Section 8.   Redemption .
The shares of Series C Participating Preferred Stock shall not be redeemable.
Section 9.   Ranking .
The Series C Participating Preferred Stock shall rank junior to all other series of the Company's Preferred Stock as to the payment of dividends and the distribution of assets, unless the terms of any such series shall provide otherwise.
Section 10.   Fractional Shares .
Series C Participating Preferred Stock may be issued in fractions of a share which shall entitle the holder, in proportion to such holder's fractional shares, to exercise voting rights, receive dividends, participate in distributions and to have the benefit of all other rights of holders of Series C Participating Preferred Stock.
IN WITNESS WHEREOF, we have executed and subscribed this Certificate and do affirm the foregoing as true under the penalties of perjury this ____ day of ________, 20__.
Attest:
By:  
Name:
Title: Secretary
 
Name:
Title:


Exhibit B
[Form of Right Certificate]
Certificate No. R-___________ ____ Rights
NOT EXERCISABLE AFTER THE EXPIRATION DATE.  AT THE OPTION OF
THE COMPANY, THE RIGHTS ARE SUBJECT TO REDEMPTION AT $0.0025 PER
RIGHT OR EXCHANGE FOR COMMON STOCK, UNDER THE CIRCUMSTANCES
AND ON THE TERMS SET FORTH IN THE RIGHTS AGREEMENT.  UNDER
CERTAIN CIRCUMSTANCES, RIGHTS BENEFICIALLY OWNED BY AN ACQUIRING
PERSON OR AN ASSOCIATE OR AFFILIATE OF AN ACQUIRING PERSON AND
ANY SUBSEQUENT HOLDER OF SUCH RIGHTS MAY BECOME NULL AND VOID.
Right Certificate
Butler National Corporation
This certifies that , or registered assigns, is the registered owner of the number of Rights set forth above, each of which entitles the owner thereof, subject to the terms, provisions and conditions of the Rights Agreement dated as of August 2, 2011 (the "Rights Agreement") between Butler National Corporation, a Kansas corporation (the "Company"), and UMB Bank, N.A., a national banking corporation (the "Rights Agent"), to purchase from the Company at any time after the Distribution Date (as such term is defined in the Rights Agreement) and prior to 5:00 p.m. Olathe, Kansas time on the Expiration Date, as that term is defined in the Rights Agreement, at the corporate trust services office (or such office designated for such purpose) of the Rights Agent, or its successor as Rights Agent, one-two hundredth of a fully paid, nonassessable share of the Series C Participating Preferred Stock, par value $5.00 per share ("Preferred Stock"), of the Company, at a purchase price of $10.00 per one one-two hundredth of a share (the "Purchase Price") upon presentation and surrender of this Right Certificate with the Form of Election to Purchase duly executed.  The number of Rights evidenced by this Right Certificate (and the number of shares which may be purchased upon exercise of each Right) and the Purchase Price set forth above, are the number and Purchase Price as of based on the shares of Preferred Stock of the Company as constituted at such date.

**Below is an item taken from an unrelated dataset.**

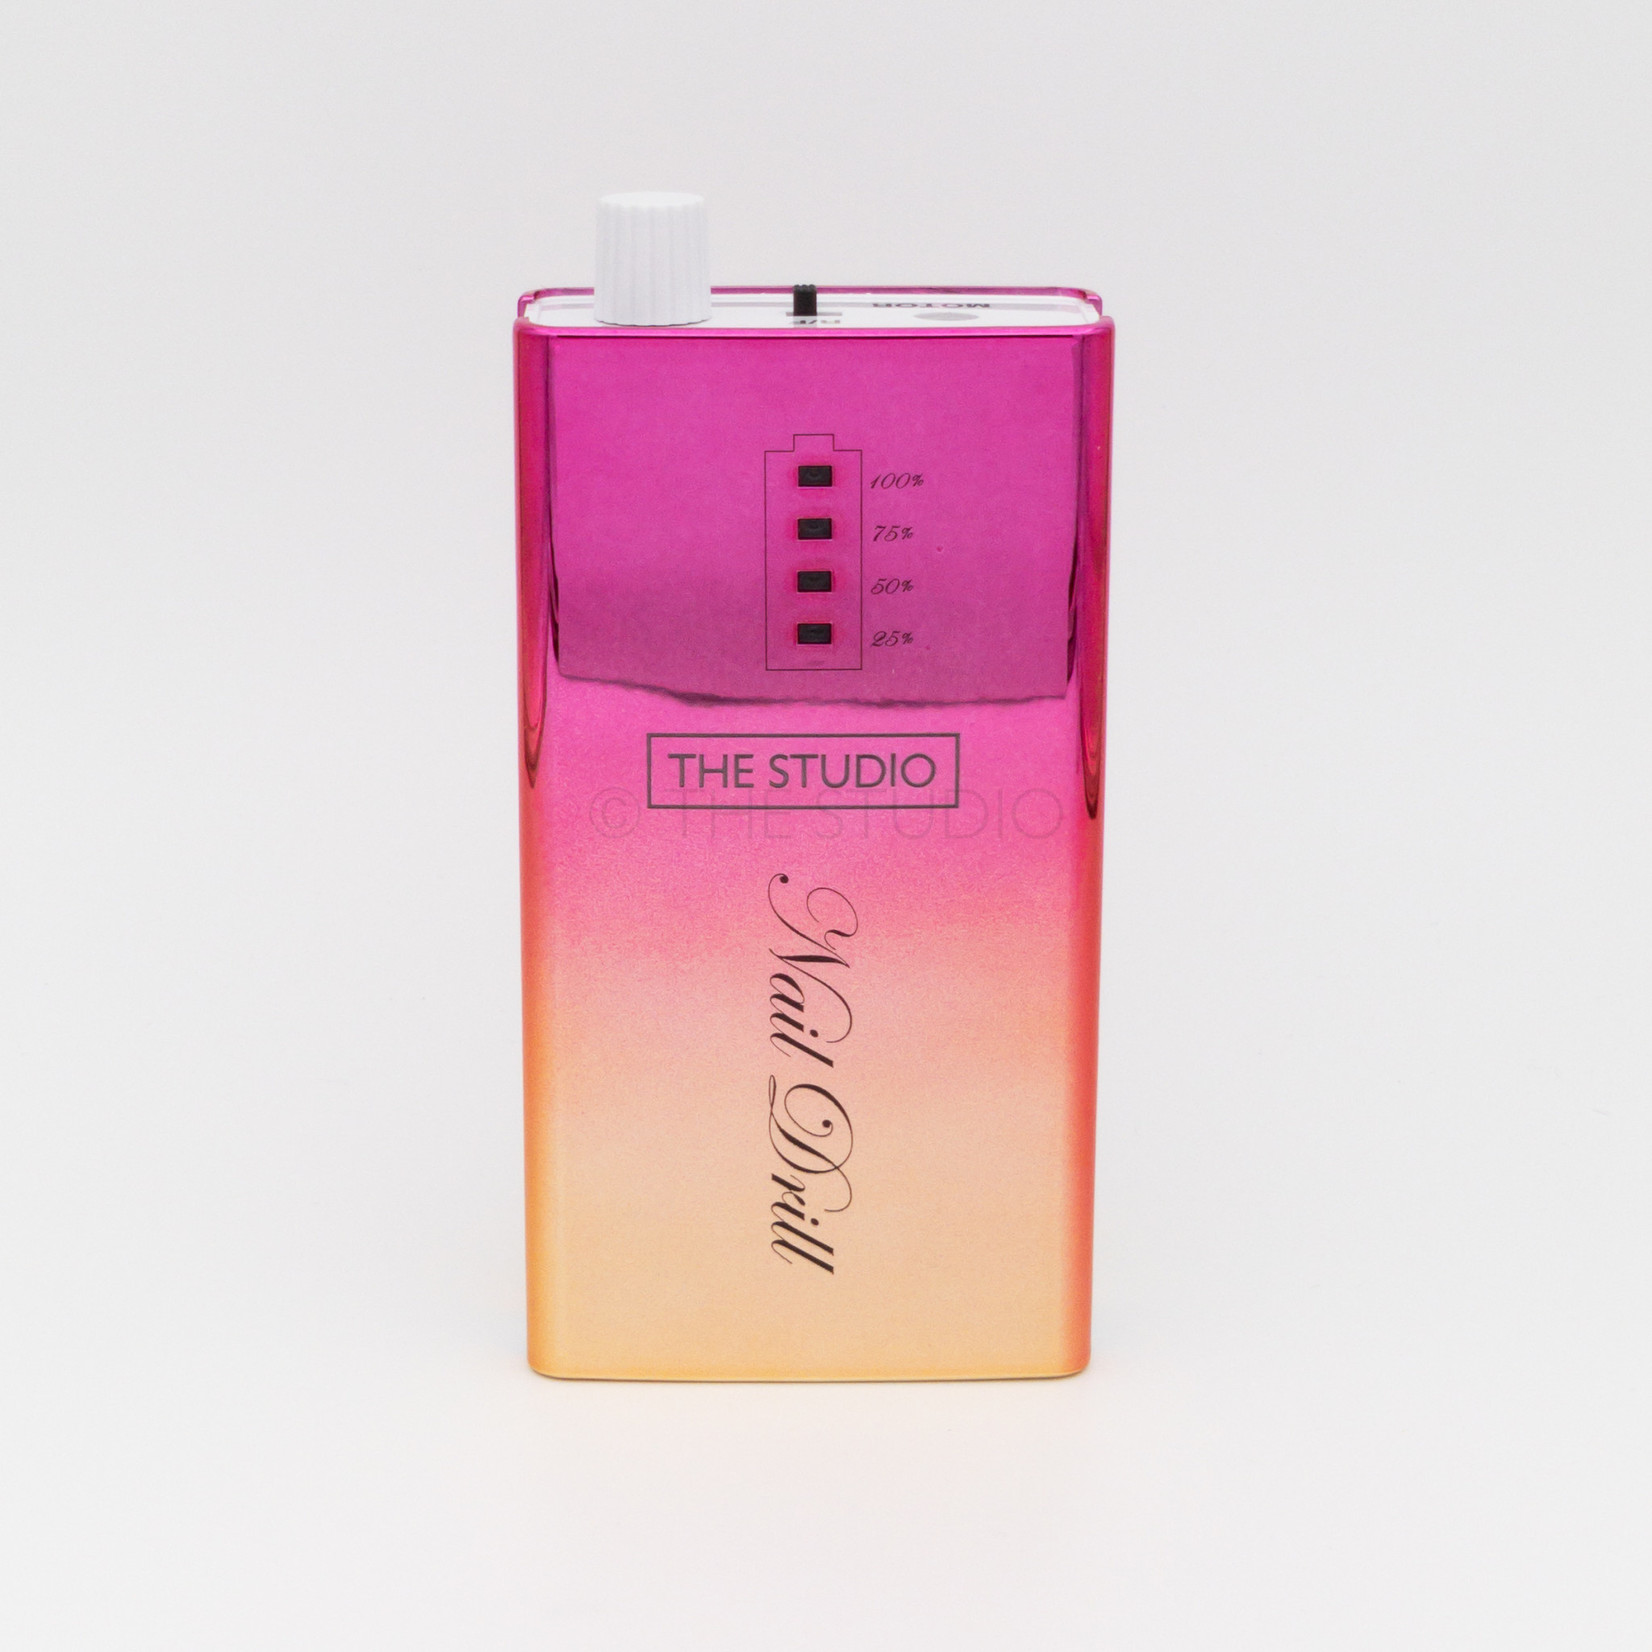 The Studio The Studio - e-File Drill Machine - Ombre Pink, Gold

The Purchase Price and the number of shares of Preferred Stock which may be purchased upon the exercise of each of the Rights evidenced by this Right Certificate are subject to modification and adjustment upon the happening of certain events as provided in the Rights Agreement.
This Right Certificate is subject to all of the terms, provisions and conditions of the Rights Agreement, which terms, provisions and conditions are hereby incorporated herein by reference and made a part hereof and to which Rights Agreement reference is hereby made for a full description of the rights, limitations of rights, obligations, duties and immunities hereunder of the Rights Agent, the Company and the holders of the Right Certificates.  Copies of the Rights Agreement are on file at the Company and the above-mentioned office of the Rights Agent and are also available upon written request to the Company.

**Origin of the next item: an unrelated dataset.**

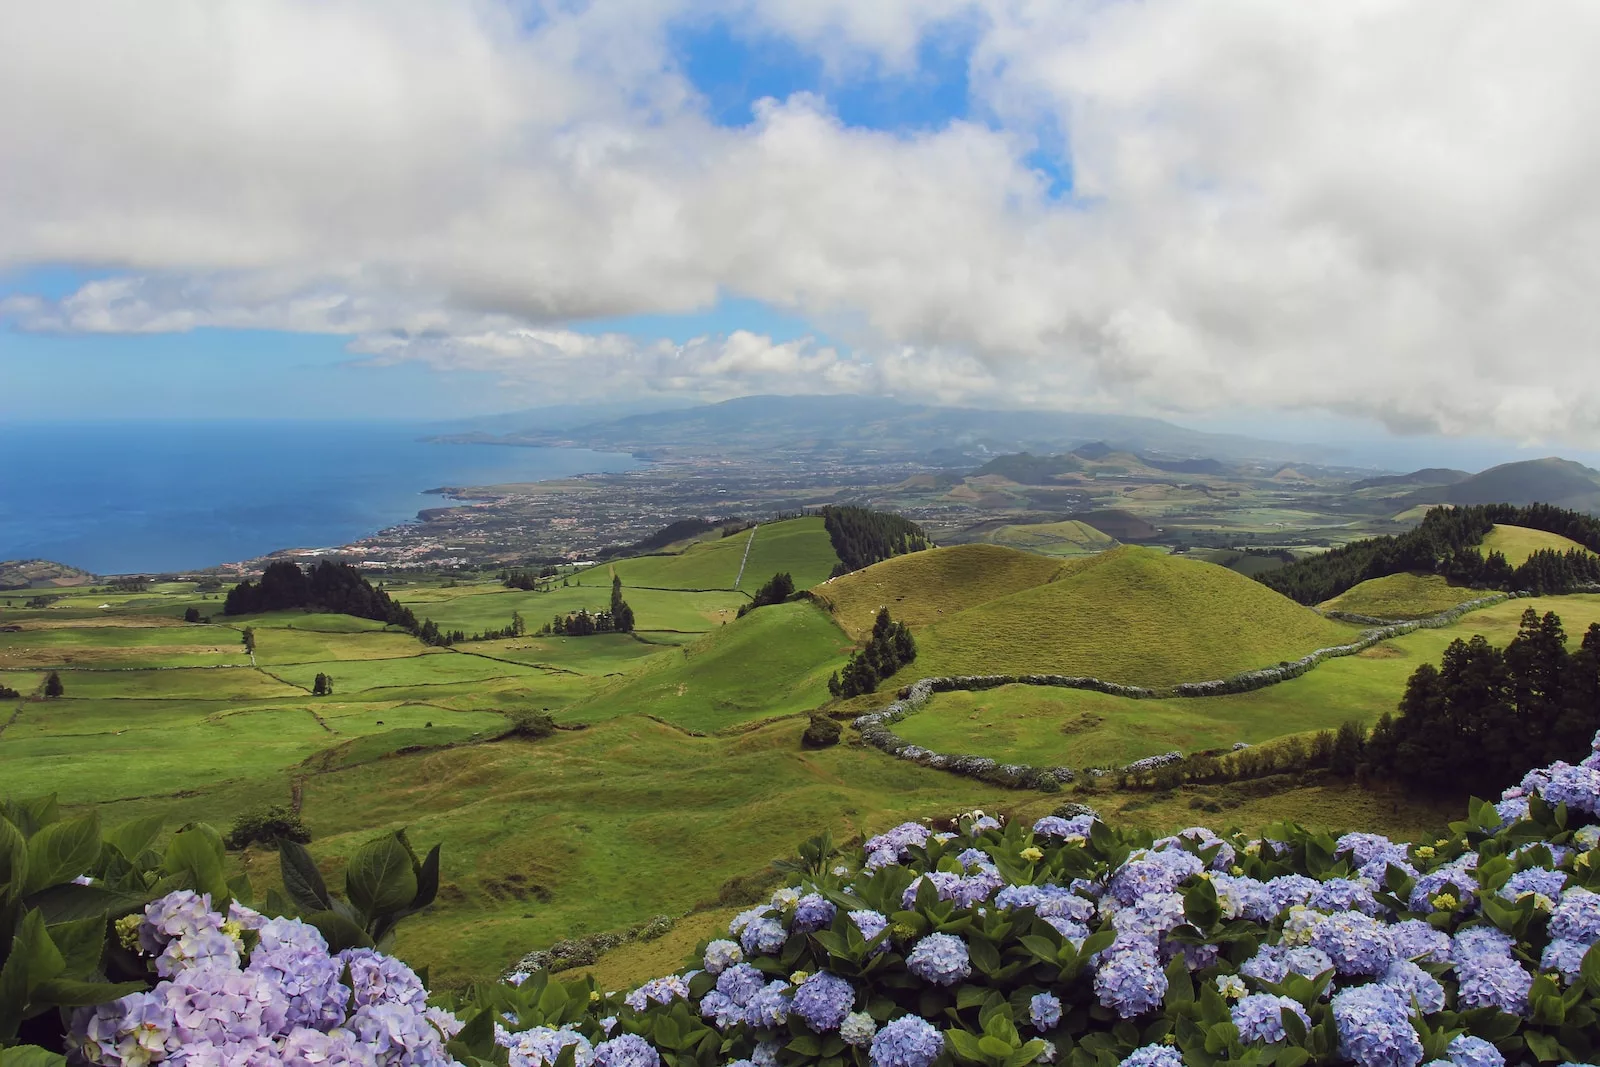 A la découverte de Santa Maria aux Açores

This Right Certificate, with or without other Right Certificates, upon surrender at the corporate trust services office (or such office designated for such purpose) of the Rights Agent, may be exchanged for another Right Certificate or Right Certificates of like tenor and date evidencing Rights entitling the holder to purchase a like aggregate number of shares of Preferred Stock as the Rights evidenced by the Right Certificate or Right Certificates surrendered shall have entitled such holder to purchase.  If this Right Certificate shall be exercised in part, the holder shall be entitled to receive, upon surrender hereof, another Right Certificate or Right Certificates for the number of whole Rights not exercised.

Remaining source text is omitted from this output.